This article is for Enterprise customers who have a self-development agreement with Vanilla Cloud.
This article contains information regarding branch naming and pull requests so that your self-developed addons can be deployed to your site on Vanilla's cloud infrastructure.
Localhost development
You should do your self development against an instance of Vanilla running locally. It's important to do debugging and testing locally so that you can submit a pull request once and have it approved.
To learn how to set up Vanilla on your localhost, see localhost installation instructions.
GitHub repository
If you're developing addons for Vanilla, you'll be given access to a GitHub repository named after your company on the vanillaforums organization. This is where all of your code will live.
You can request your individual developers be given write access so that they can make pull requests on this repository.
Branches and deployment
On Vanilla cloud, we will deploy fixed branches on your repository to your various sites. The branches should be named as follows:
- The develop branch will be deployed to your development site.
- The stage branch will be deployed to your staging site.
- The master branch will be deployed to your production site.
📝 NOTE: Customers without a development site will not need a develop branch.
📝 NOTE: If you contact Vanilla Support, the "master" branch will be referred to as the "production" branch.
Branch-protection rules
We typically put the following branch-protection rules on the stage and master branches.
- Changes to the branch require a pull request.
- Pull requests require at least one approval from Vanilla staff.
Pull requests
You must do all of your development via pull requests against the branch you want to deploy to. Except for develop branches, all pull requests must be approved by Vanilla staff. This is for two reasons:
- to ensure that unsafe or insecure code does not get deployed to our infrastructure,
- and so we have an opportunity to check for best practices.
In general, branches that require pull requests will have branch-protection rules against them to prevent you from pushing code to them without a review. You're free to create other branches for pull requests and name them whatever you wish.
When you're ready to have a pull request reviewed, create a support ticket by emailing support@vanillaforums.com so that your review can be expedited by a support agent. When requesting a review, you should also specify what you want done:
- Review Only: Just review the pull request and approve it. Once the pull request is approved, you can then merge it yourself.
- Merge: Review the pull request and merge it.
- Deploy: Review the pull request, merge it, and then deploy it to the appropriate cluster.
📝 NOTE: In the email, be sure to share the pull-request number and which branch it is.
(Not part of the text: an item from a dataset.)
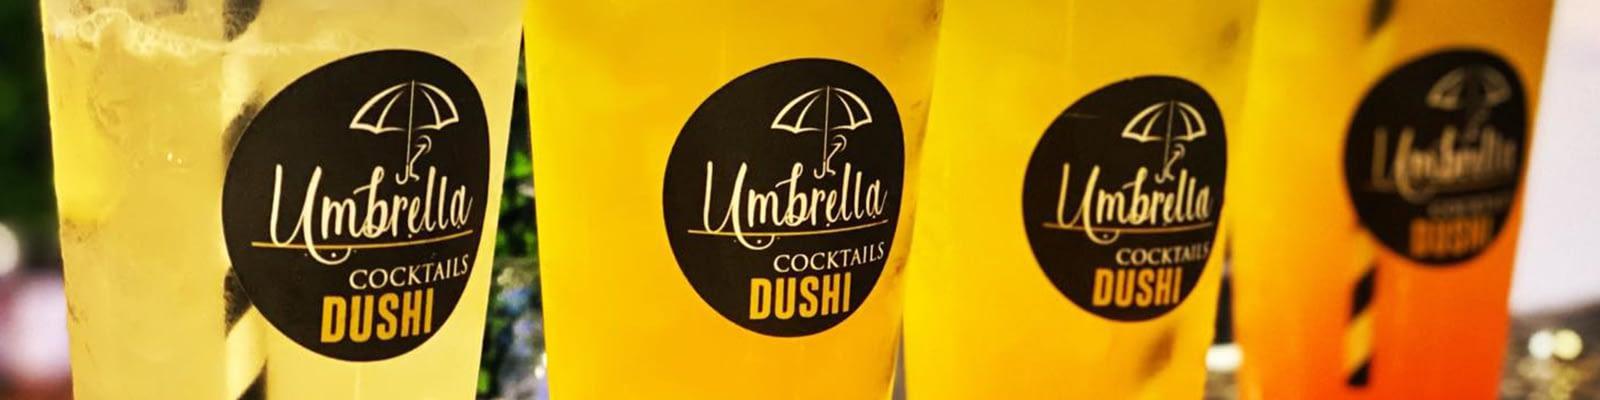 umbrella-restaurant-bonaire-slider-image-1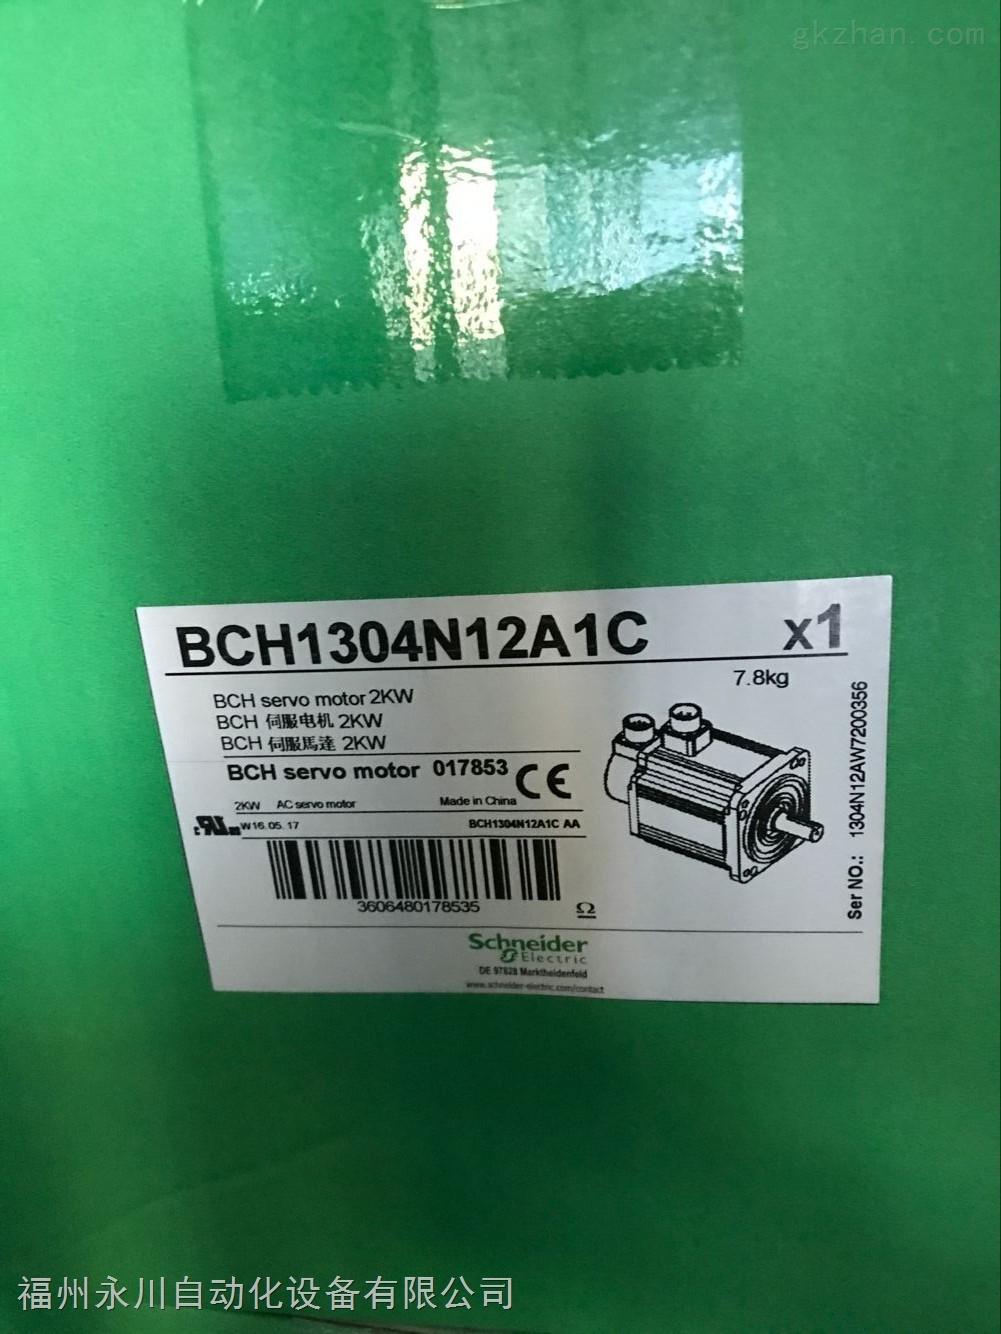 BCH1804M12A1C福州永川-施耐德伺服电机一级代理

Making pull requests to stage and production
Generally, you want to do all of your development against your develop branch (or your stage branch if you don't have a develop branch). You want to get your development site into a tested state where you will then be confident having your code deployed to staging and then production.
Merging to stage
When you want to merge to stage, make a pull request to merge from develop to stage. Don't create a new branch name just for merging code to stage.
Merging to master
When you want to merge to master, make a pull request to merge from stage to production. Don't create a new branch name just for merging code to master.
Using consistent branch names like this allows Vanilla staff to know whether they have already reviewed your code, and can help to expedite your pull-request review. If you create new branch names, it's difficult to determine whether you have written new code or whether you are just wanting to merge already tested code into production.
Keep your environments in sync
You should not have your various environments differ from each other. Your staging and development environments are meant to represent work in progress. Once that work is done, it should be merged to production in its entirety.
If you need slightly different configurations or settings between environments, use Vanilla's configuration functionality to represent these differences. Don't store configuration in your code that may differ from one environment to another.
Vanilla's pull request review process
Vanilla's engineers must review your pull requests before they can be merged and deployed. This review process is not as exhaustive as an internal pull request review process may be within your own company. What we are looking for are potential scalability or security issues that could negatively affect our infrastructure and your site.
Here are some guidelines you can follow to ensure your pull requests get approved without issue:
- Avoid excessive calls to the database. You generally want to have a decent understanding of database performance if you need to query the database in your code.
- Avoid writing hard-coded SQL statements in your code; use Vanilla's model methods instead.
- Never make a call to the database within a loop. Also, pay attention to the number of database calls you make in a request.
- Don't make API calls on the server during GET requests. Be careful about API calls in general (they are costly).
- Be conscious of permission checks when you add new endpoints.
- We generally don't look too closely at frontend files, such as CSS or JavaScript.
- We generally don't look too closely at Twig templates.
- Try to write as much of your code in frontend files as possible, using Vanilla's existing APIv2.
- It is your responsibility to ensure your own code is tested, and to fix issues that may arise in production. For this reason, write as little code as possible to achieve your goal.